Part of Castro’s research has been to break down how many households were out of power for how long.
A research report from Native Power Research Group, of which Castro is a part, found that the first 1 million customers accounted for 1 billion hours of lost electrical service, recovering power between September and November 2017. The next 300,000 customers recovered power between November 2017 and February 2018, contributing another 1 billion hours of lost service. The final group of 200,000 households didn’t regain power until sometime between February and August 2018, nearly a year after the storm. Those families endured 931 million hours of lost electrical service.
Castro believes that any transition policy or allocation of funds needs to start with these families—the 200,00 households in the most remote areas, which were out of power the longest. These are the people who will be the most vulnerable when the next storm comes. In June, Congress approved $19 billion of disaster aid to go to hurricane-, wildfire- and flood-affected regions, including Florida, Iowa, and Missouri. Of that, $1.4 billion will go to Puerto Rico. Castro estimates it would take about that much just to install home solar systems with batteries in those 200,000 homes. Castro’s plan suggests getting the funding from Community Development Block Grant Disaster Recovery funds and vouchers through the US Department of Housing and Urban Development.
“We need to focus on disaster preparedness or hazard mitigation,” Castro said. “How can we prepare for the next event, so that way it doesn’t become a disaster? Those remote areas that spent more than five months without electricity—I don’t see any other way to provide reliable electricity other than with solar panels and batteries, going from microgrids to solar systems … and here we have a potential to do that. If we are able to deploy hundreds of thousands of systems, for hundreds of thousands of families, then the landscape of energy will be very different, because what you could do with such a massive scale of distributed energy generation and energy storage, it’s really something that no other place in the world that I know has.
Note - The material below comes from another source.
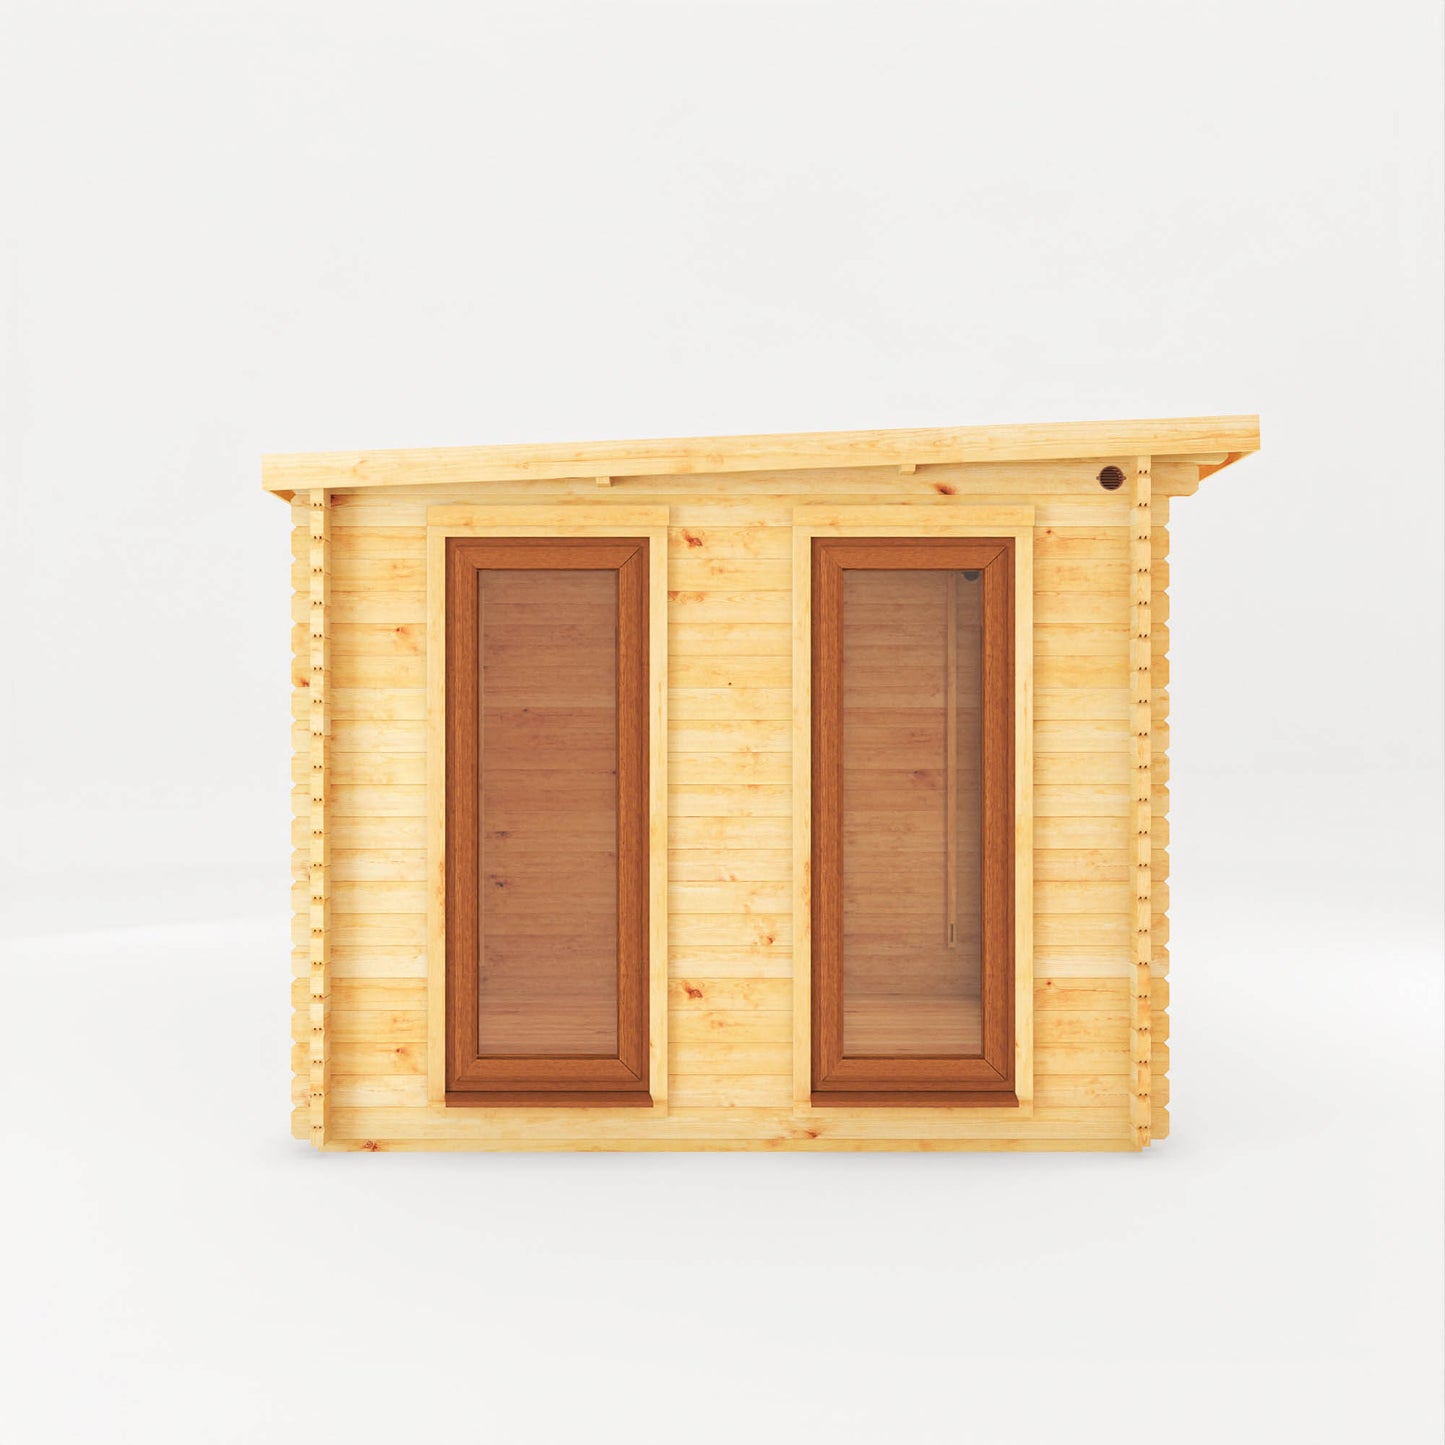 The 4.1m x 3m Wren Pent Log Cabin with Side Shed and Oak UPVC

We don’t have it either, but we have the potential to get there.”
Closed doors and a closing window. The Eugenio María de Hostos Airport in Mayagüez looks abandoned at first glance. It has one check-in desk, with one attendant and a few empty rooms. The control tower is partially collapsed. But Marla Pérez Lugo flies out of this airport often. For about $40, a 10-seat Cessna 402 will fly you to San Juan in 45 minutes, which is a preferable alternative to the 3-hour drive. And the views of the island are incredible. Pérez is a professor of environmental sociology at the University of Puerto Rico; she’s also on the steering committee of INESI, the national energy and sustainability institute. In April, Pérez testified before the House Committee on Natural Resources on the “rebuilding and privatization” of PREPA. Pérez is one of many experts who oppose the privatization of the electric power authority, an entity funded by and meant to serve the public.
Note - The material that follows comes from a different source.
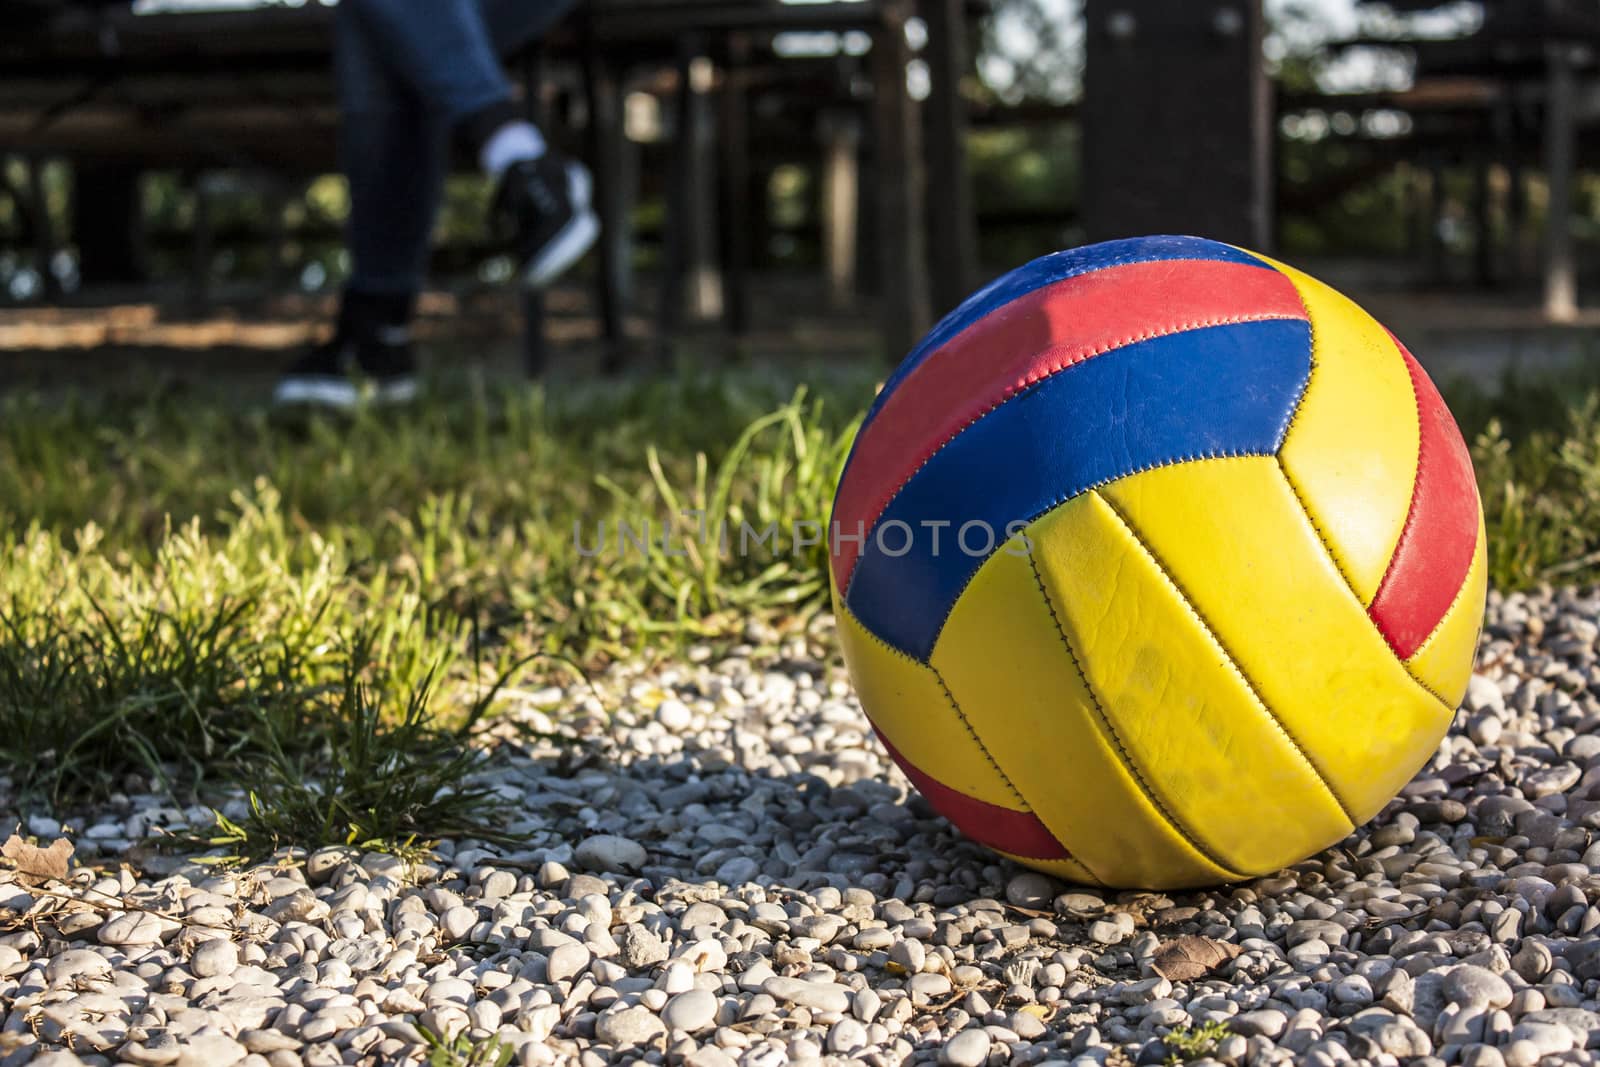 Volleyball and legs of a paused player. The fun of sports and outdoor play.

“[PREPA] is the public corporation that is in charge of administering and managing the assets that belong to the people of Puerto Rico. I have been waiting for a lawyer to correct me on that, and I haven’t received any, so I will stick to it,” Pérez said. “The electrical system belongs to the people of Puerto Rico, and PREPA behaves as if PREPA owned the electrical system, which I think is wrong.”
PREPA was first established in 1941 as the Puerto Rico Water Resources Authority, to ensure that citizens, even in the most remote areas, had access to water. As part of Franklin D. Roosevelt’s New Deal, PREPA evolved to develop and unify regional and local electrical power grids, officially changing its name to the electric power authority in 1979.
However, critics such as Pérez say that over time, PREPA lost sight of its original goal, which was to make sure that all Puerto Ricans, even the poorest and most isolated, had access to essential services like water and electricity. Instead, they say PREPA has become a political tool, catering to the will of the governor, who currently appoints six out of seven members of the PREPA board, and to the financial fortunes of special interests.
In her testimony to Congress in April, Pérez cited three main issues with the management of PREPA: lack of transparency, lack of accountability, and lack of real stakeholder representation. In her examples of such failings, Pérez recounted that during the Maria recovery efforts, PREPA first reported progress in terms of “percentage of clients reconnected” and then switched to “percentage of generation covered,” a change that Pérez said the Department of Energy found suspicious, causing it to drop PREPA’s updates from the department’s website. The change underscores what happened to thousands of people in remote areas of Puerto Rico.
In the weeks after Maria, Pérez recalled, PREPA announced that 200 communities in the mountain regions of Puerto Rico would not be reconnected to the power grid, based on a cost-benefit analysis. Such actions may be a reflection of the power authority’s leadership; PREPA’s board of directors, Pérez points out, is made up of seven members, just one elected to represent PREPA’s customers. According to 2014 bylaws, PREPA was required to have three members representing customer interests, but the requirement was changed under Governor Rosselló. To offset the appearance of impropriety, Pérez said, the governor created three additional committees to oversee PREPA’s activities. But again, the members of the committees are appointed, not elected.
Beyond board representation, Puerto Ricans are being shut out of the discussions on priorities for the energy transition and how it will impact them, Pérez said. There is no lack of panels, workshops, and conferences discussing Puerto Rico’s “new energy transition” or “green energy future.” But these meetings are typically held in metropolitan San Juan, Miami, or Washington D.C., making it difficult for rural residents to attend. And the meetings are usually conducted in English, a further barrier to many rural or low-income Puerto Ricans.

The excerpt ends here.